Si apre così, con l’introduzione di Giuseppina Gibertini, il documento pensato per gli infermieri e per gli altri professionisti sanitari coinvolti nella presa in carico della persona che necessita di cateterismo intermittente e anche per i pazienti stessi e i loro familiari. L’obiettivo dell’elaborato è diventare uno strumento che permetta di svolgere al meglio la presa in carico della persona che necessita di cateterismo intermittente.
In poche pagine vengono fornite con precisione e puntualità alcune informazioni di base: l’anatomia dell’apparato urinario, le alterazioni vescico-uretrali, l’incontinenza e la ritenzione urinaria. Si continua poi con la descrizione di cosa sia il cateterismo vescicale e di come funziona l’autocateterismo. Molta attenzione è dedicata alla persona che subisce una lesione midollare e a come deve essere costruito il rapporto tra questa persona e l’infermiere che lo prende in carico, un rapporto che deve basarsi sulla fiducia e che aiuterà la persona ad affrontare al meglio le terapie necessarie alla sua riabilitazione.
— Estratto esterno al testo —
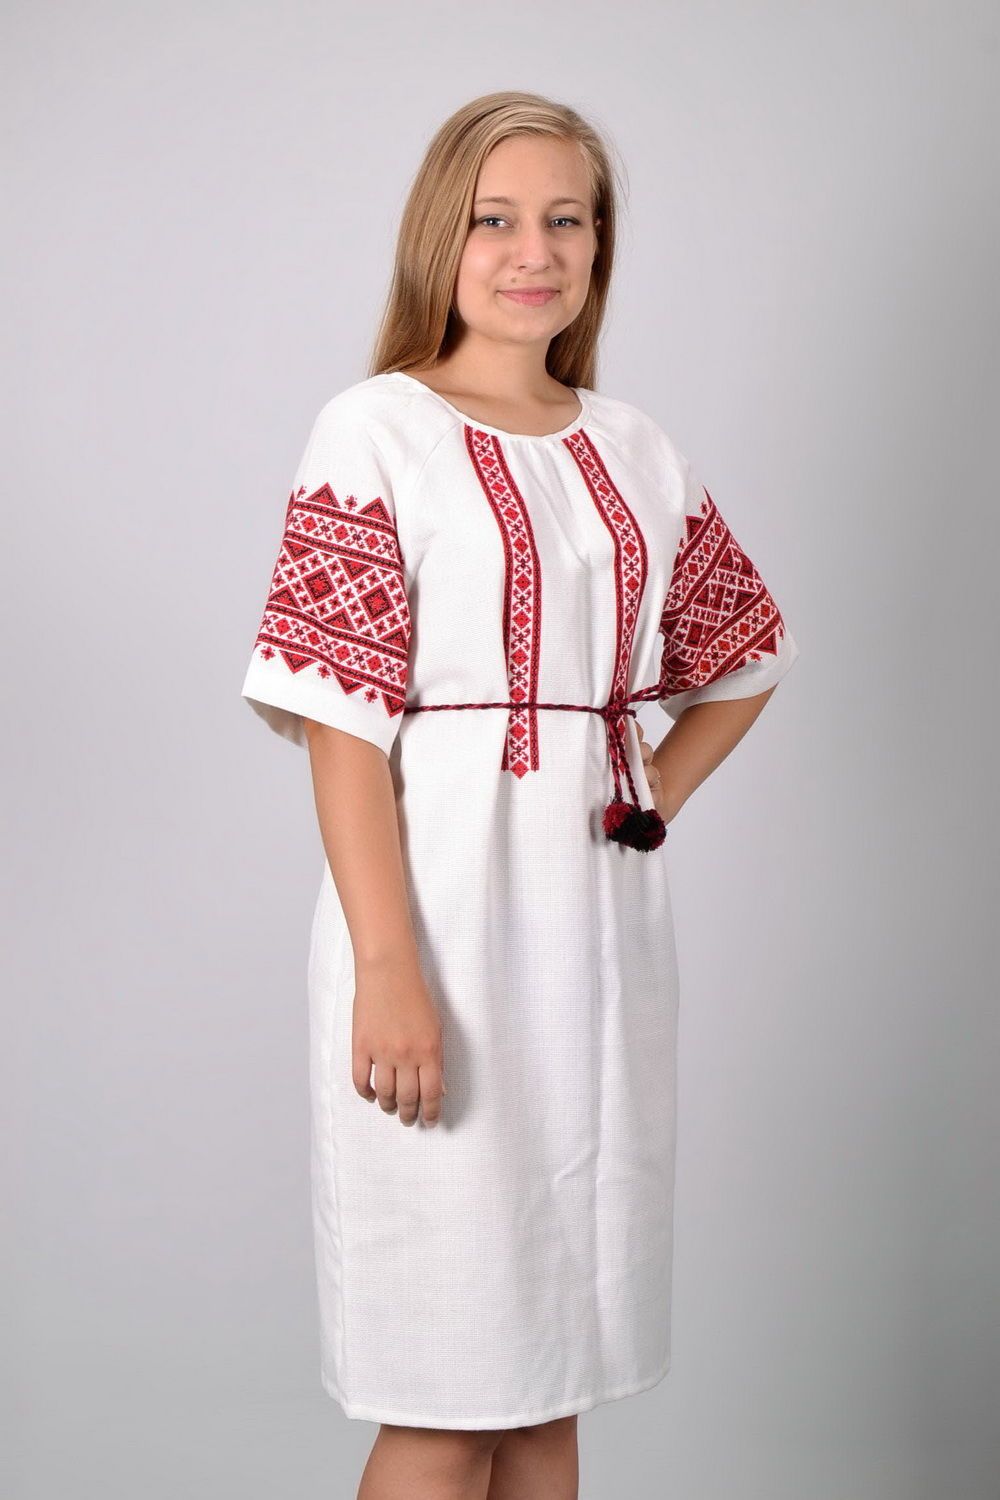 Robe ethnique en coton avec broderie photo 5

Vengono approfonditi i temi dell’educazione sanitaria e vengono descritte le “Buone pratiche” da seguire e tenere sempre a mente nella presa in carico della persona che necessita di cateterismo intermittente: l’apporto idrico, la corretta gestione intestinale, la corretta igiene personale e ambientale, l’importanza del lavaggio delle mani e la corretta gestione farmacologica, con particolare attenzione all’uso di terapie antibiotiche.
La messa in atto di buone pratiche permette di prevenire effetti dannosi indesiderati - come ad esempio le infezioni urinarie - e di migliorare l’autosufficienza e l’indipendenza del paziente: questo miglioramento ha un effetto diretto sulla qualità di vita del paziente e di conseguenza sulla percezione del proprio stato di salute.
Nell’ultima parte vengono descritte le tecniche per la corretta esecuzione dell’autocateterismo e vengono analizzate le situazioni ricorrenti nel capitolo intitolato “Cosa fare se…”. Chiude il documento il paragrafo dedicato al rapporto tra il paziente e la società – scuola, lavoro, sport e un piccolo paragrafo dedicato alla fornitura del presidio.
È stato un traguardo e un grande riconoscimento per il gruppo ottenere il patrocinio FIC-Fondazione italiana continenza a riconoscimento del loro impegno.